Still the curve balls keep coming. Social Security’s Trust Funds are held almost entirely in Special Issue Treasuries that are set by a formula at the average rate of maturing 10 year Notes. And since over the long run it is somewhere between unlikely and impossible that Coupon Rates on the 10 year will be negative in real terms this means that interest on a fully solvent Trust Fund will be in excess of the need to build those Reserves. Meaning that once we achieve Sustainable Solvency it will be Self-Sustaining Solvency. In fact so much so that in order to prevent Trust Fund balances from balooning out of control it would require any interest accrued that was in excess of the amount needed to maintain solvency to be expended as partial payment of benefits.

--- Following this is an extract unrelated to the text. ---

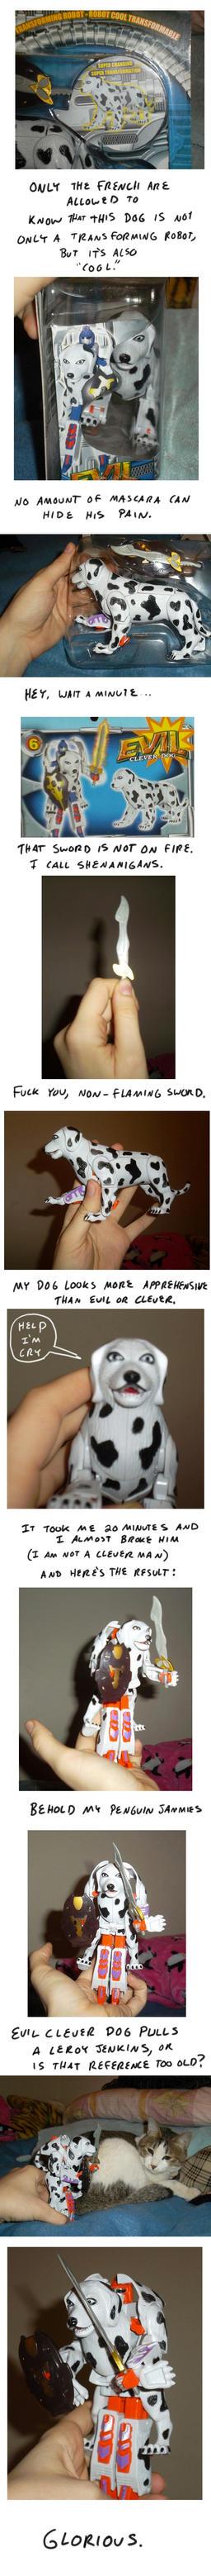 Dog Toys Coloured Hard Pkastic Bone Style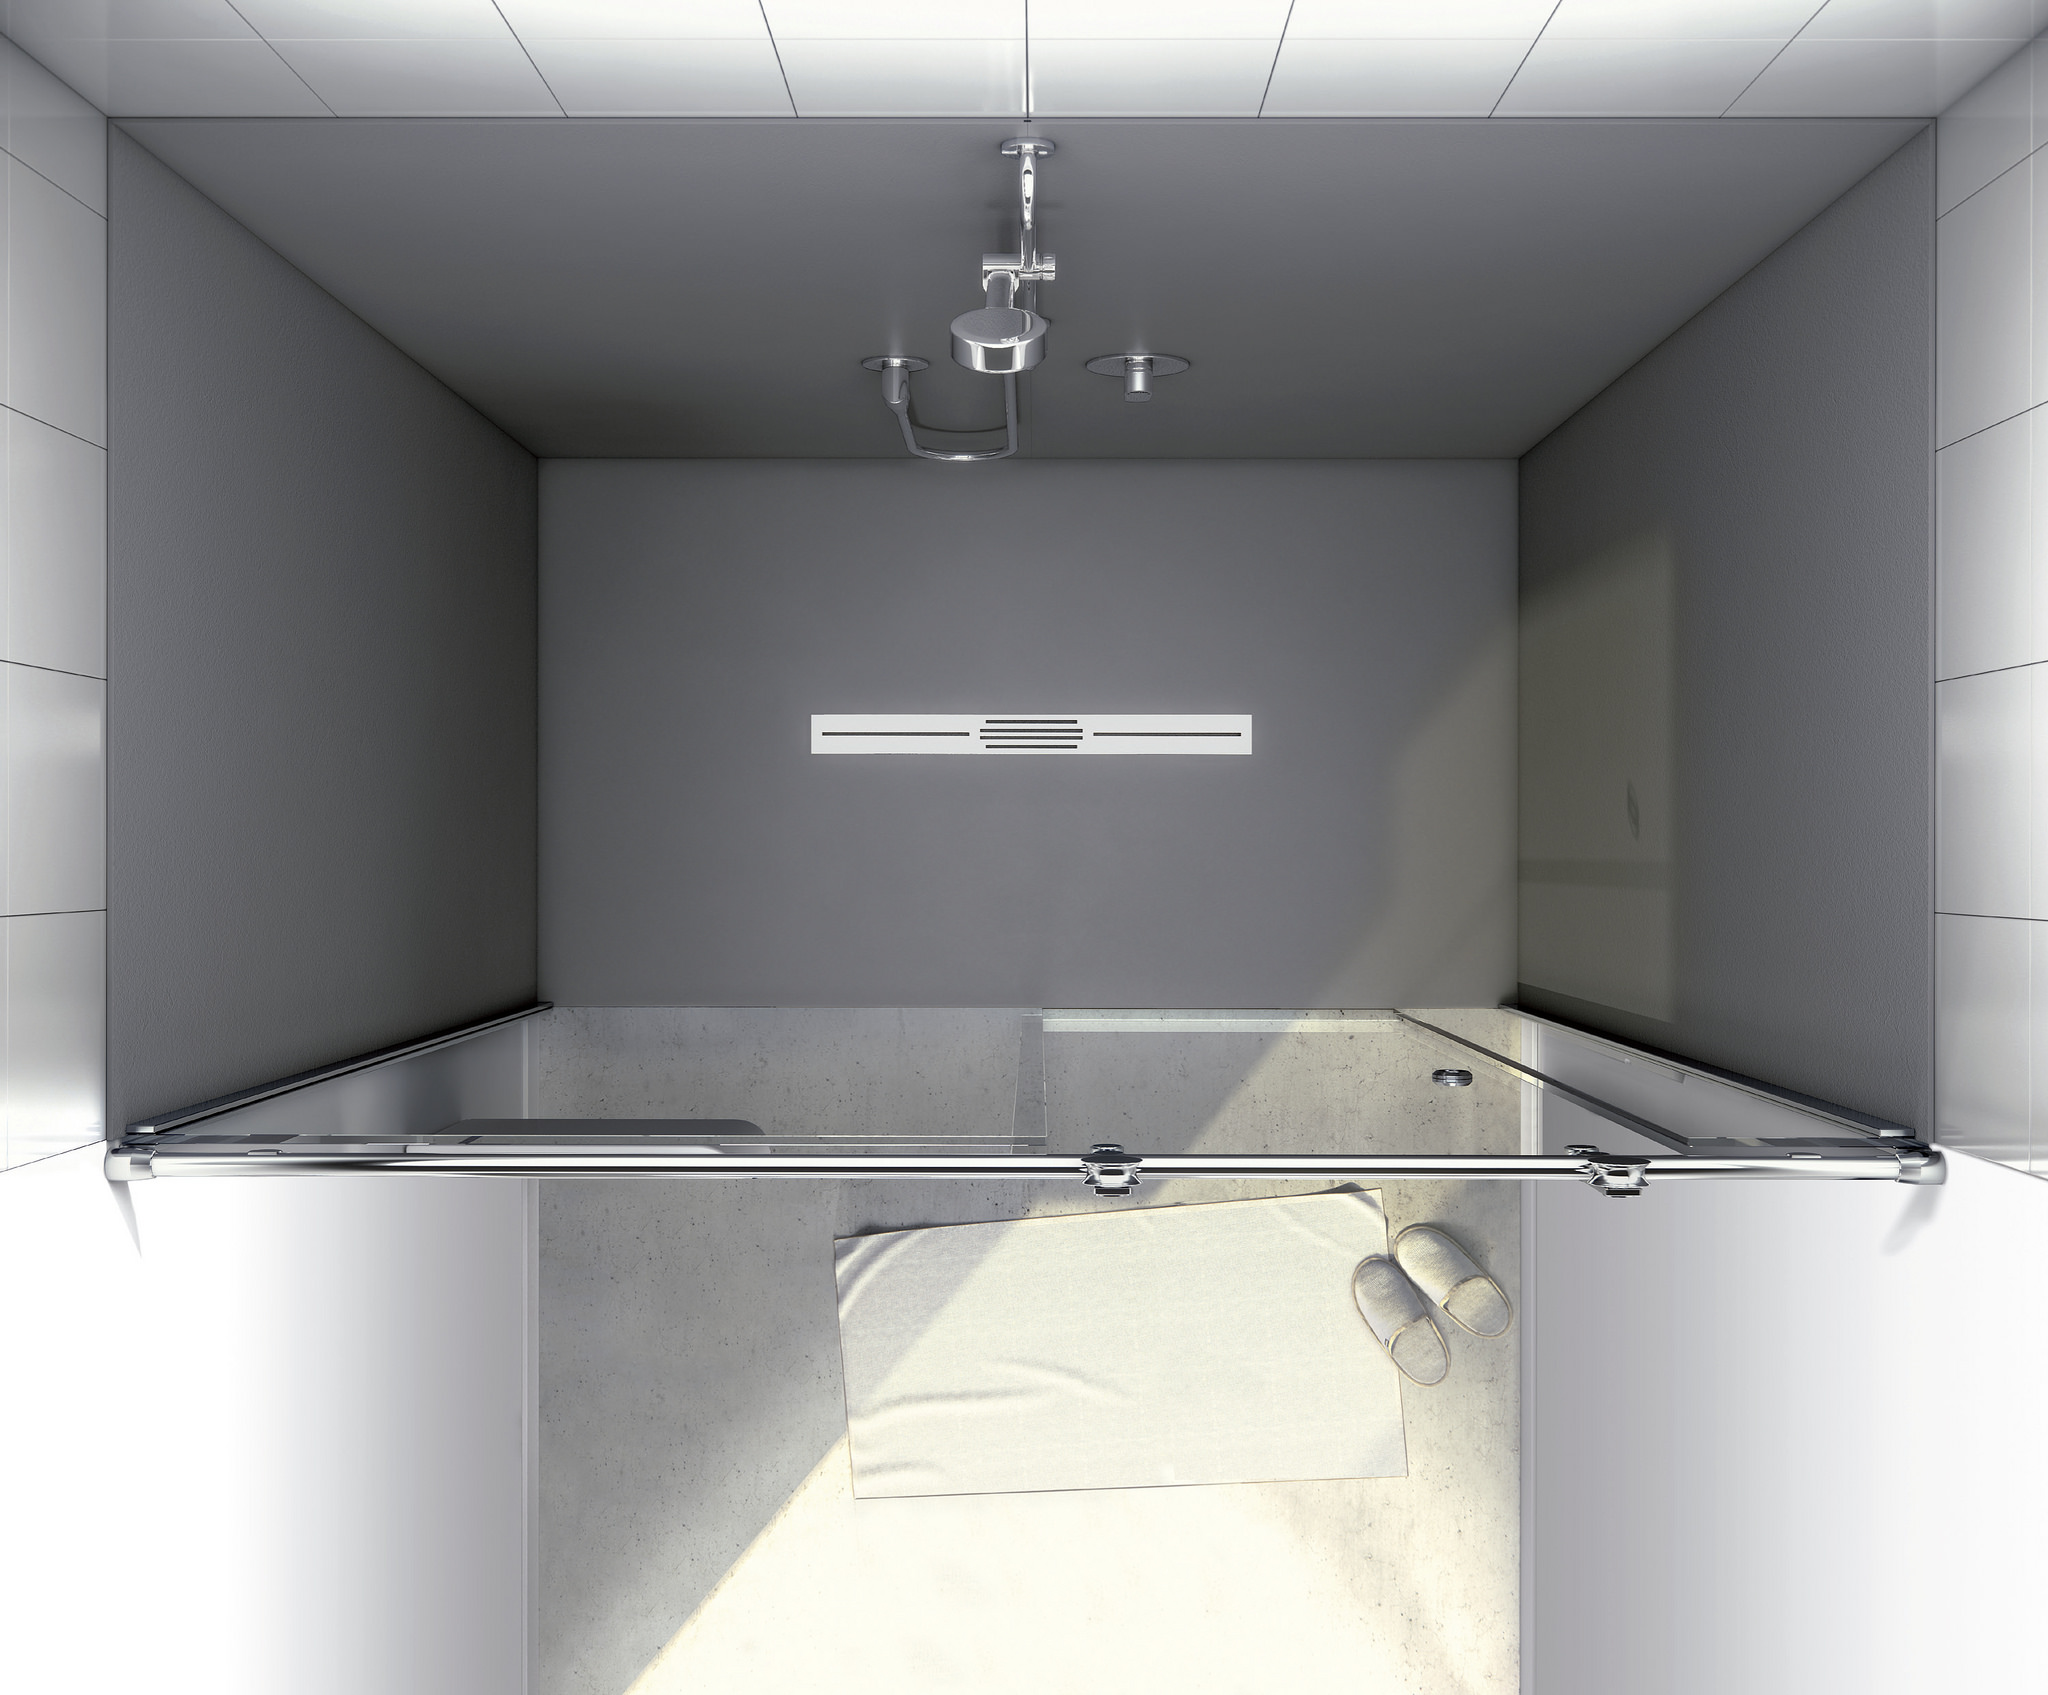 Platos de ducha - Tu ducha

Which in turn would mean that Social Security ‘Revenue excluding Interest’ would have to be kept under ‘Cost’ by the same amount as that excess interest. Which in turns means that some part of the Debt Service on the interest earning Trust Funds would have to come in the form of General Fund transfers. Which would make the system as a whole slightly cash flow negative. This conclusion is not simply due to me running through the numbers, Chief Actuary Goss says as much in the following (bolding mine):

However, the occurrence of a negative cash flow, when tax revenue alone is insufficient to pay full scheduled benefits, does not necessarily mean that the trust funds are moving toward exhaustion. In fact, in a perfectly pay-as-you-go (PAYGO) financing approach, with the assets in the trust fund maintained consistently at the level of a “contingency reserve” targeted at one year’s cost for the program, the program might well be in a position of having negative cash flow on a permanent basis. This would occur when the interest rate on the trust fund assets is greater than the rate of growth in program cost. In this case, interest on the trust fund assets would be more than enough to grow the assets as fast as program cost, leaving some of the interest available to augment current tax revenue to meet current cost. Under the trustees’ current intermediate assumptions, the long-term average real interest rate is assumed at 2.9 percent, and real growth of OASDI program cost (growth in excess of price inflation) is projected to average about 1.6 percent from 2030 to 2080. Thus, if program modifications are made to maintain a consistent level of trust fund assets in the future, interest on those assets would generally augment current tax income in the payment of scheduled benefits.

So to sum up. Under conditions of Sustainable Solvency Social Security would at one and the same time be 1) adding to Public Debt year over year, 2) be in permanent surplus for Budget Deficit calculations, and 3) be permanently cash flow negative.

More Debt, Less Deficits, Cash Flow Negative. It only sounds paradoxical.